Solution: the problem only involves the distance from point C to the center of the circle, not the distance from the center of the circle to the straight line. As shown in Figure 2, there are two possibilities, so the positional relationship between straight lines A and ⊙O is tangent or intersecting.
Example 7. The radius ⊙ O is 5cm, and the chord AB∨CD, AB=6cm, CD=8cm. Find the distance between AB and CD.
Analysis: the relationship between AB and CD and the center of the circle in this question is not clear.
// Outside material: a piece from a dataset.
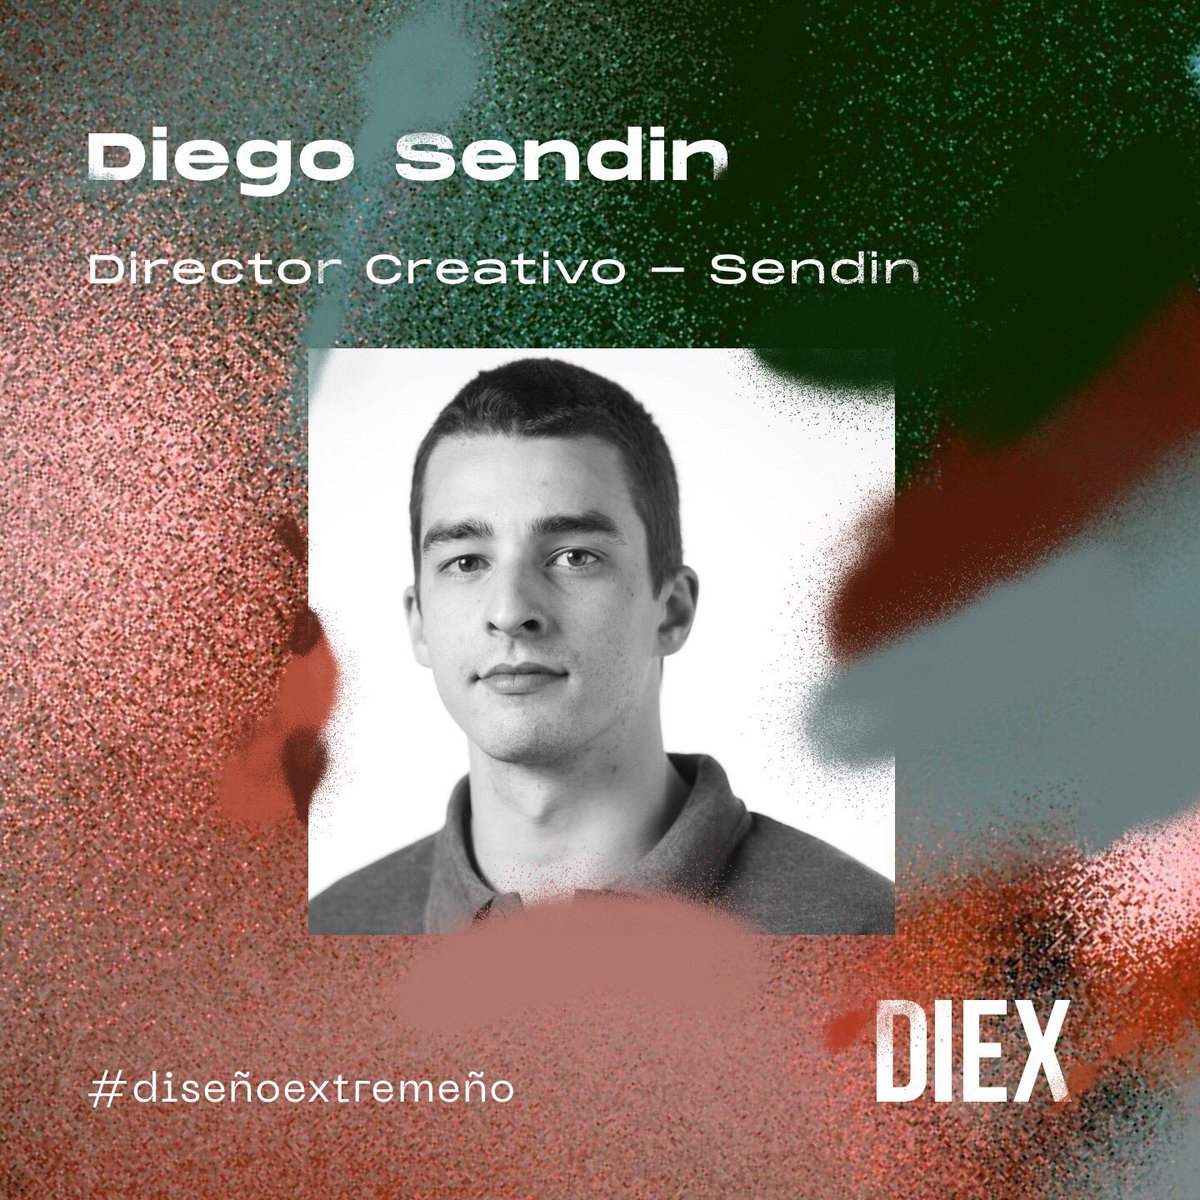 NO TE LO PIERDAS!!! Jueves - 18.30 h. DIEX en conversación sobre Comunicación #diseñoextremeño Nuestros invitados: @belen_chuty directora de arte de @whatsapp (NYC) @IsmaelBarros, CEO y cofundador de @solublestudio (BCN) @Habla_Diego Director creativo de Sendín design (MAD)
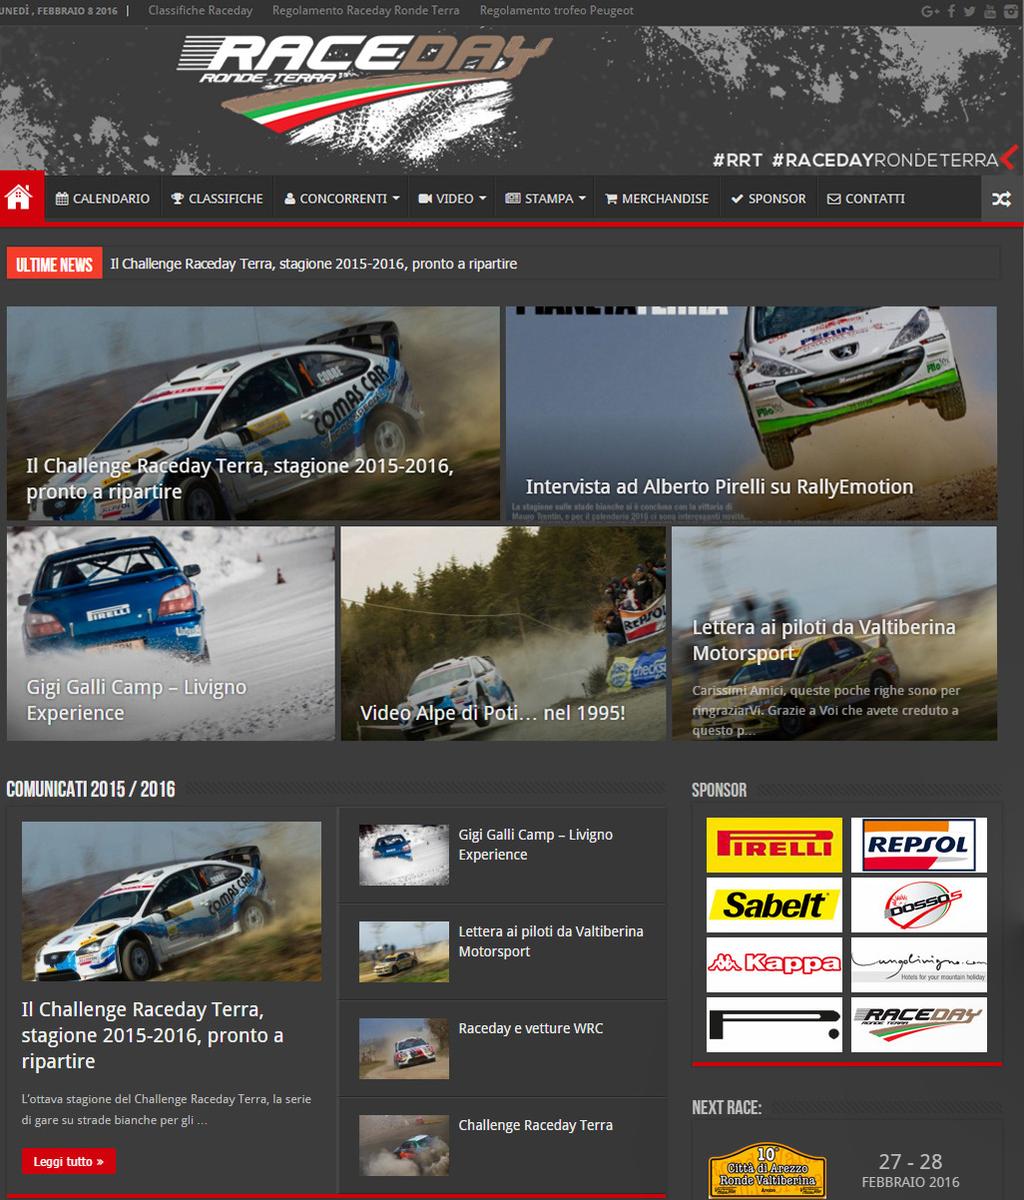 DIGITALE SITO WEB RACEDAY Il sito web di Raceday è la principale fonte di informazioni per gli iscritti al campionato e per i fan della serie.

Because the positions of AB and CD are uncertain, consider the case that the center of the circle is solved between two parallel chords and the center of the circle is outside the two parallel chords.
Solution: If the intersection o is a straight line OE⊥AB, the vertical foot is E, and CD intersects at point F, then ⊥ CD, AE = AB = 3, and OA is connected with OC. In Rt△AOE, OE =-=-4. In the same way, we can get of = 3.
∴ ef = OE+of = 7 or 4-3= 1
So the distance between AB and CD is 1cm or 7cm.
Example 8. ⊙O 1 and ⊙O2 intersect at point A and point B, with radius ⊙O 1 being 10, radius ⊙O2 being 17, and chord AB= 16.
Solution: For the problem of the intersection of two circles, students often only consider the situation that the centers of the two circles are on both sides of the common chord, that is, the situation of the diagram (1), and it is easy to miss the situation of the diagram (2), so the correct answer is O 1O2=2 1 or O 1O2=9.
Example 9. If the radius ⊙ O is 1cm, the chord AB=-cm and AC=-cm, then ∠BAC=___
Solution: Since the chords AB and CD may be on the same side or on the opposite side of the center, there are two possibilities, as shown in the figure. According to the vertical diameter theorem and the knowledge of solving right triangle, ∠ Cao = 45 and ∠ Bao = 30, so ∠ BAC = 15 or ∠ BAC = 75.